The solar tax credit has been extended for five years, with a gradual decrease in funding over that time period: Effective January 1, 2017:
- Projects that break ground by 2019 – or which are placed in service after December 31, 2016, and before January 1, 2020 – will receive the current 30 percent tax credit.
- Projects that start construction in 2020 –or are placed in service after December 31, 2019, and before January 1, 2021 –will receive a 26 percent tax credit.
- Projects that begin in 2021 – or are placed in service after December 31, 2020, and before January 1, 2022 – will receive a 22 percent tax credit.

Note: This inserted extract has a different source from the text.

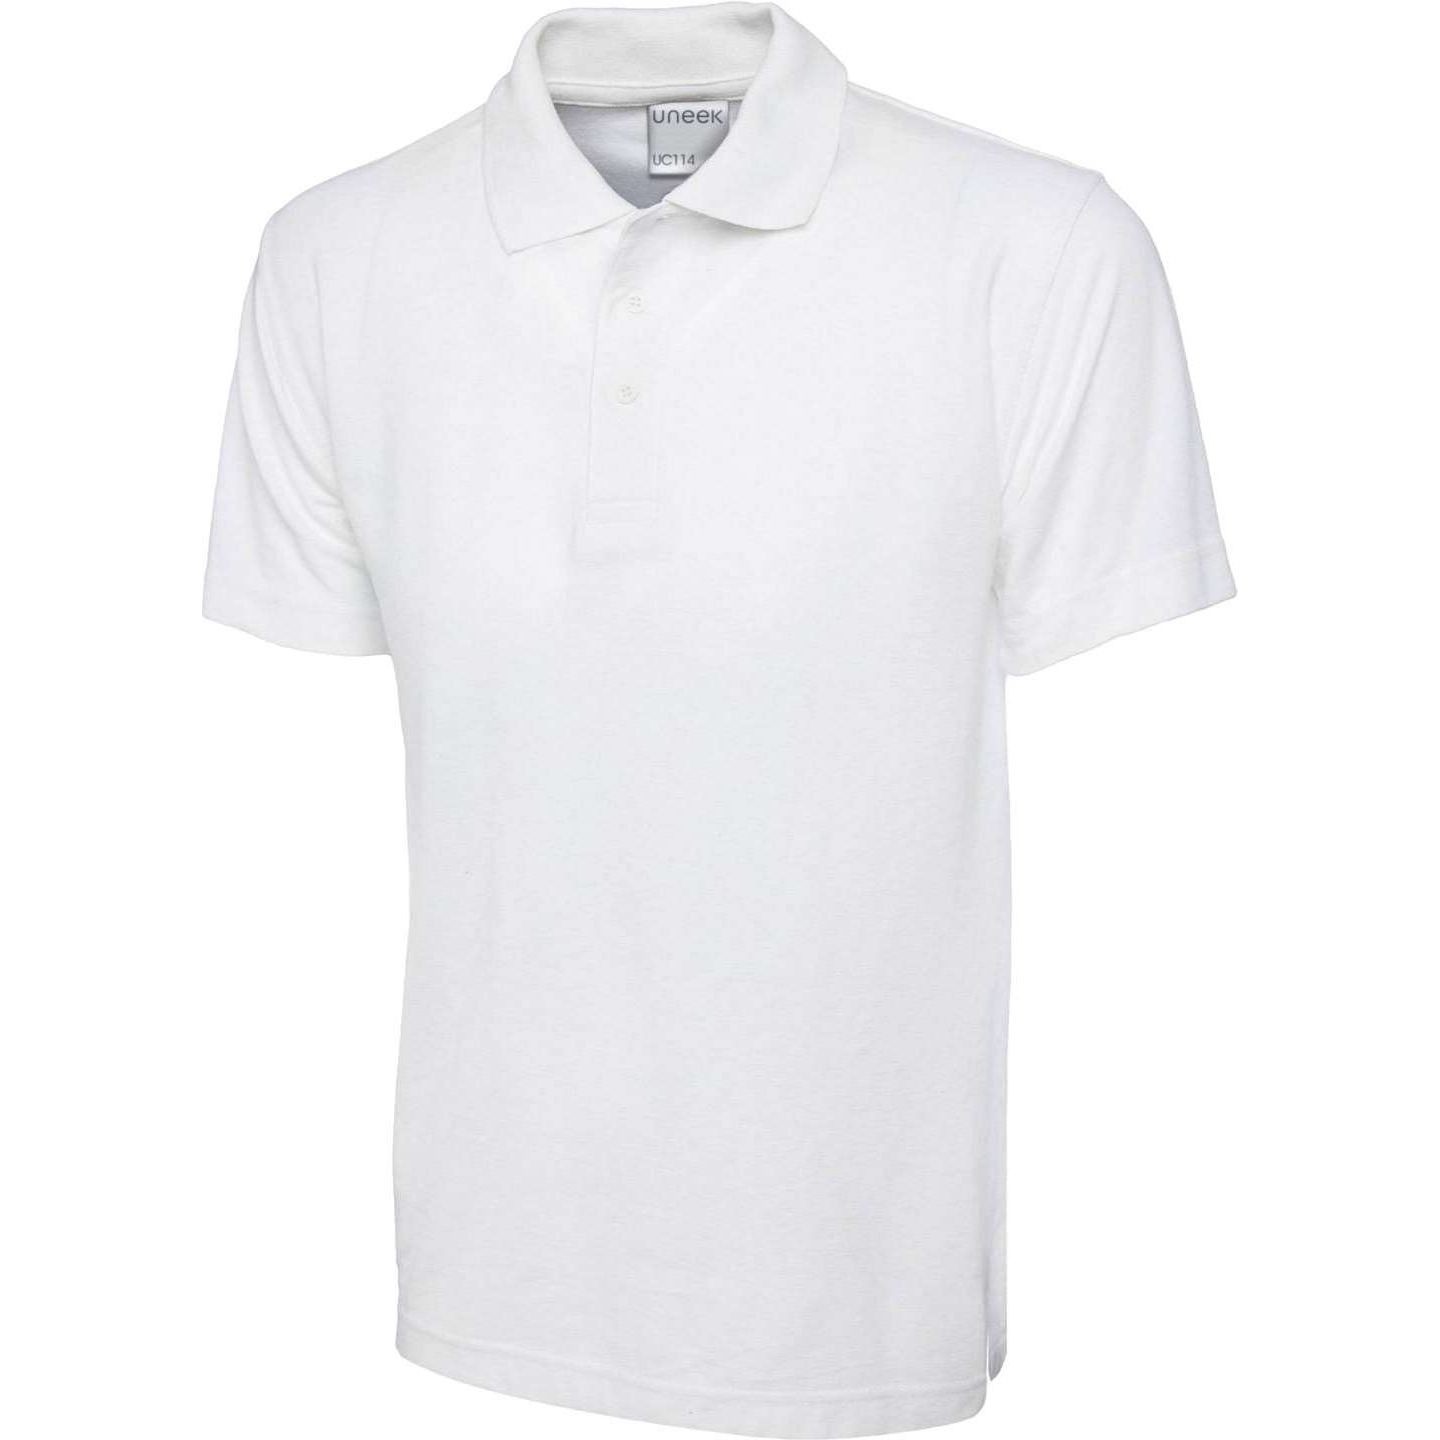 Uneek Mens Active Cotton Poloshirt - UC114

- As of 2022, the ITC will be reduced to 10 percent for non-residential and third-party owned residential systems, and to 0 percent for host-owned residential generation.
The provisions of the wind tax credit are slightly different. As approved by Congress, the incentive would remain at its present level –$0.023/kilowatt hour (kWh) – through year-end 2016. It would then be cut to 80 percent of its current value in 2017; to 60 percent in 2018; and to 40 percent in 2019. All wind projects will qualify, provided that they start construction before the end of the five-year period.

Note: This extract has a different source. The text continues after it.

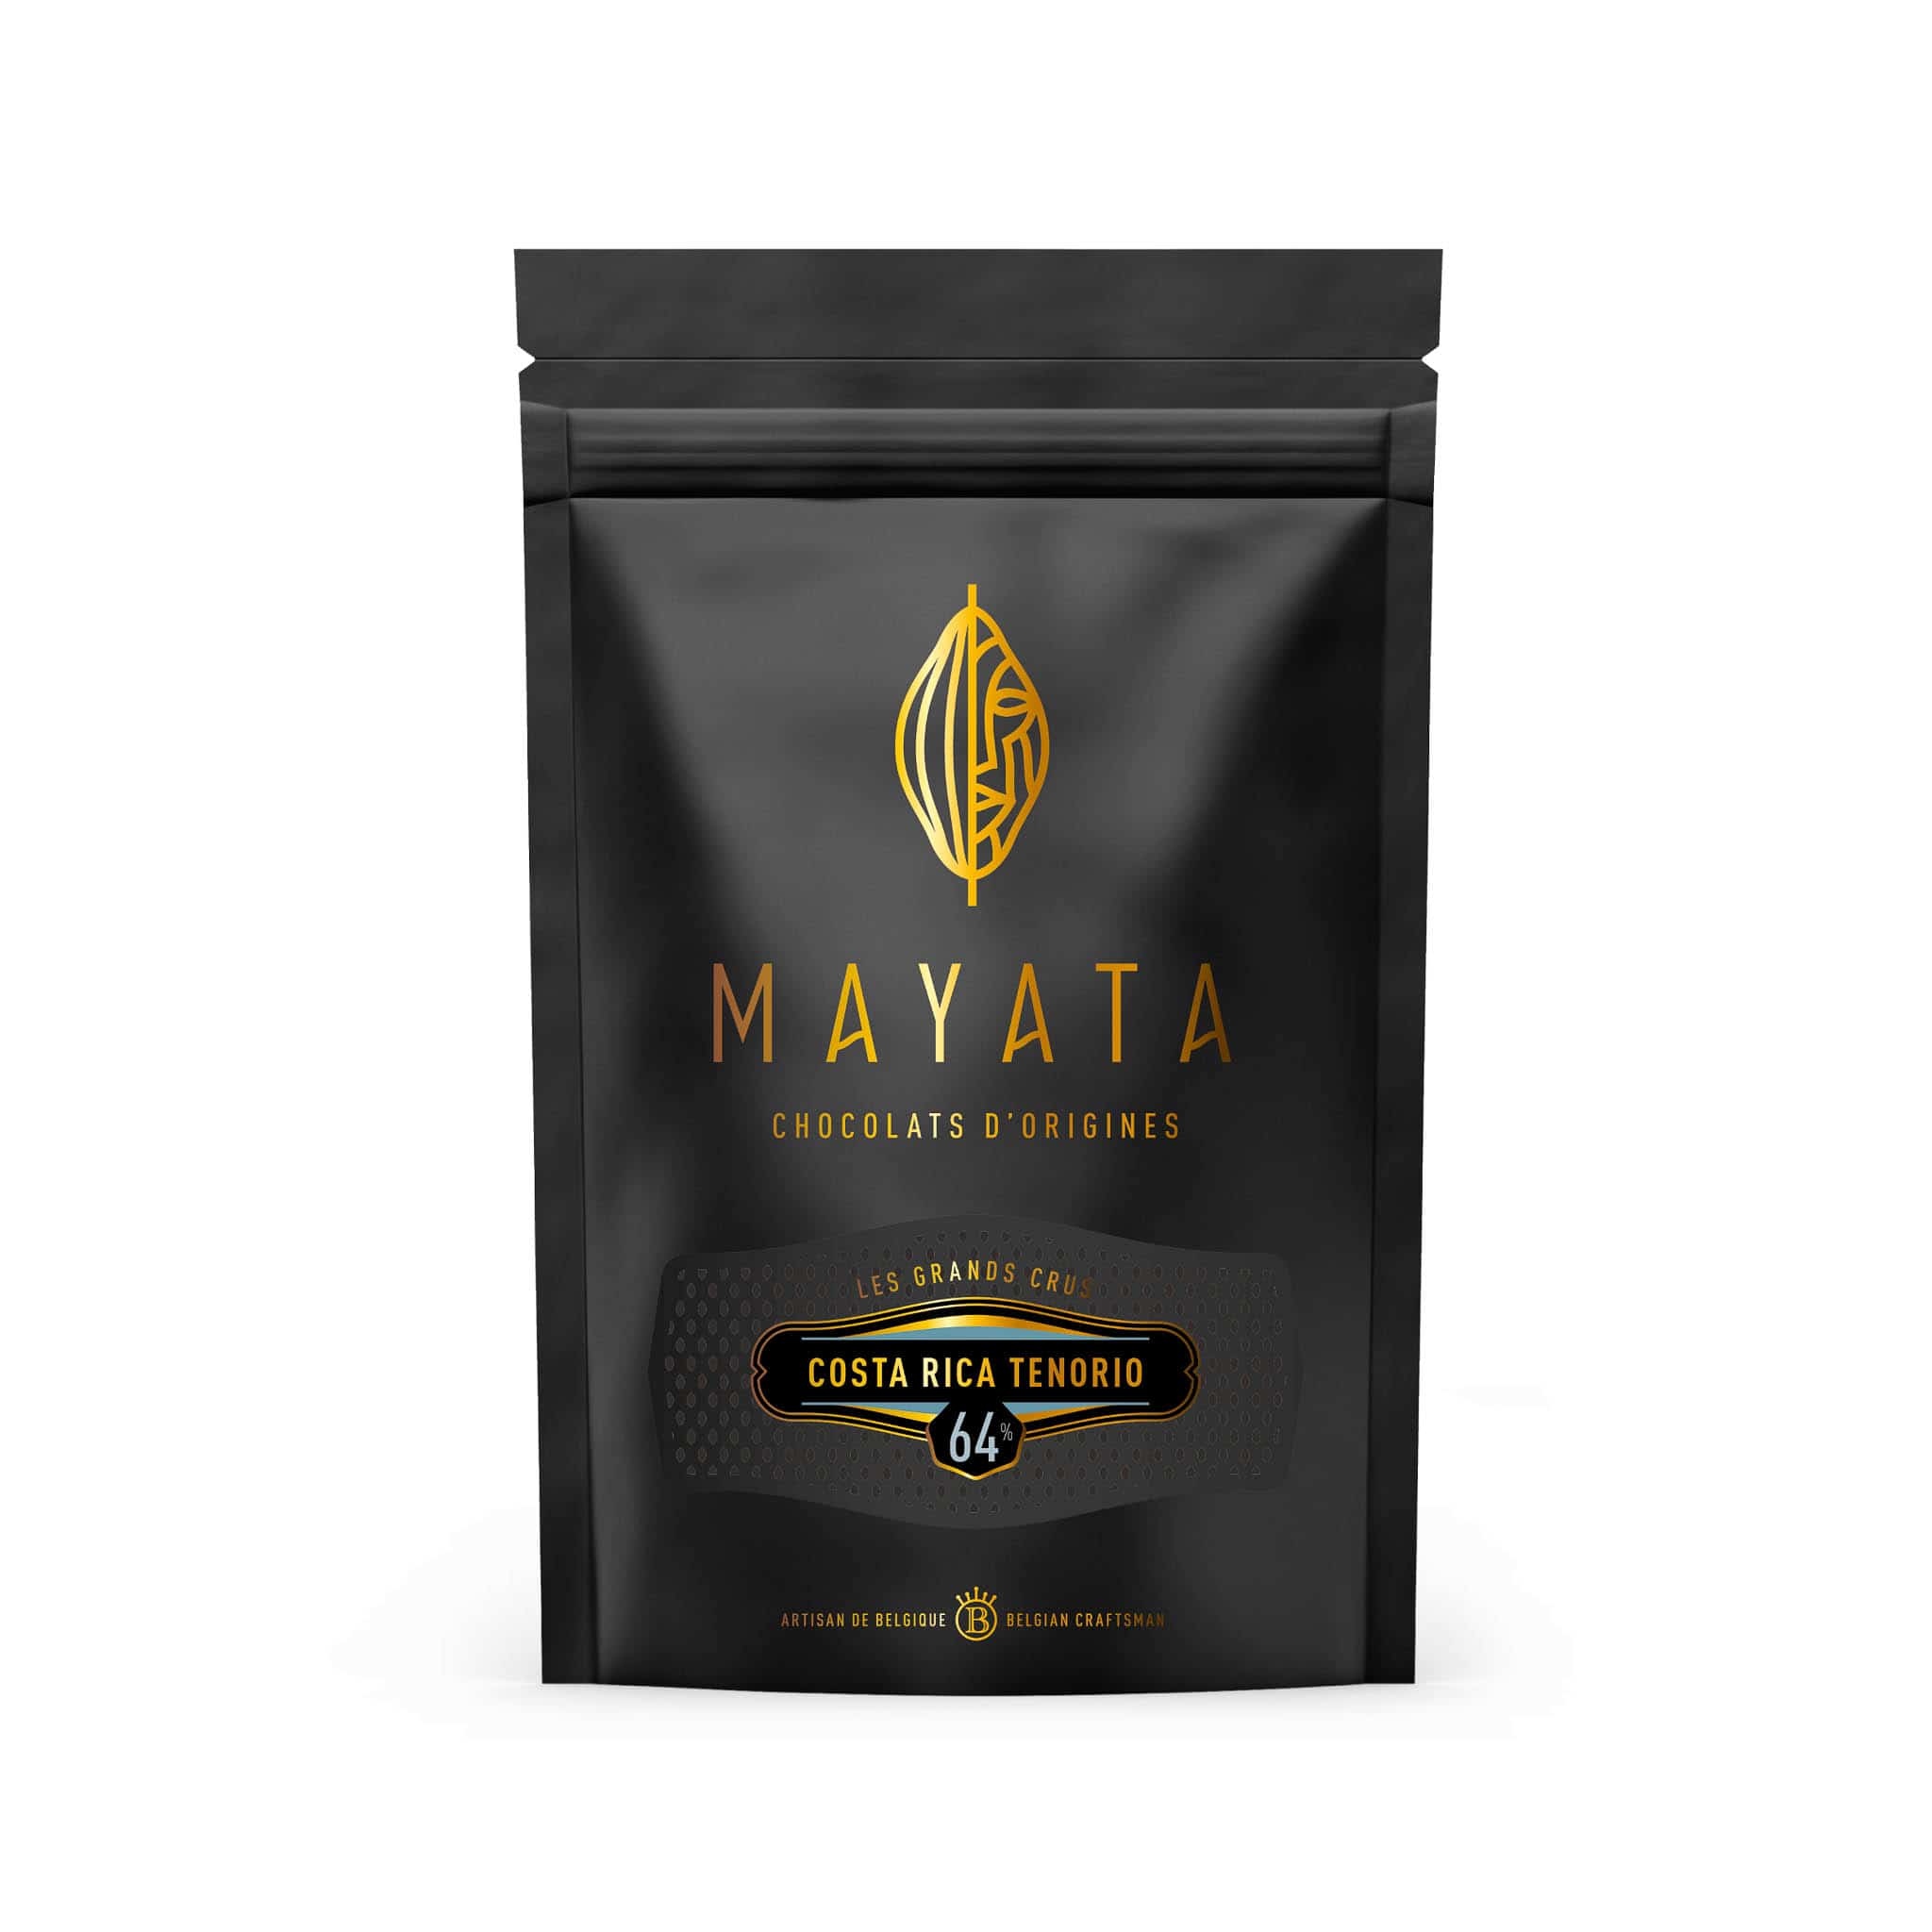 Mayata Single Origin Costa Rica Tenorio Dark Chocolate Couverture 64%, 1kg

The extension will add an extra 20 gigawatts (GW) of solar power—more than every panel ever installed in the U.S. prior to 2015, according to Bloomberg New Energy Finance (BNEF). The wind credit will contribute another 19 GW over five years. Combined, the extensions will spur more than $73 billion of investment and supply enough electricity to power 8 million U.S. homes, according to BNEF.
The tax credits, valued at about $25 billion over five years, will drive $38 billion of investment in solar and $35 billion in wind through 2021, BNEF calculates. As for oil exports, the measure mandates that “ to promote the efficient exploration, production, storage, supply, marketing, pricing, and regulation of energy resources, including fossil fuels, no official of the federal government shall impose or enforce any restriction on the export of crude oil.”
“Now that we have leveled the playing field, the United States finally has an opportunity to compete and realize our nation’s full potential as a global energy superpower,” commented George Baker, head of Producers for American Crude Oil Exports, to BBC.com.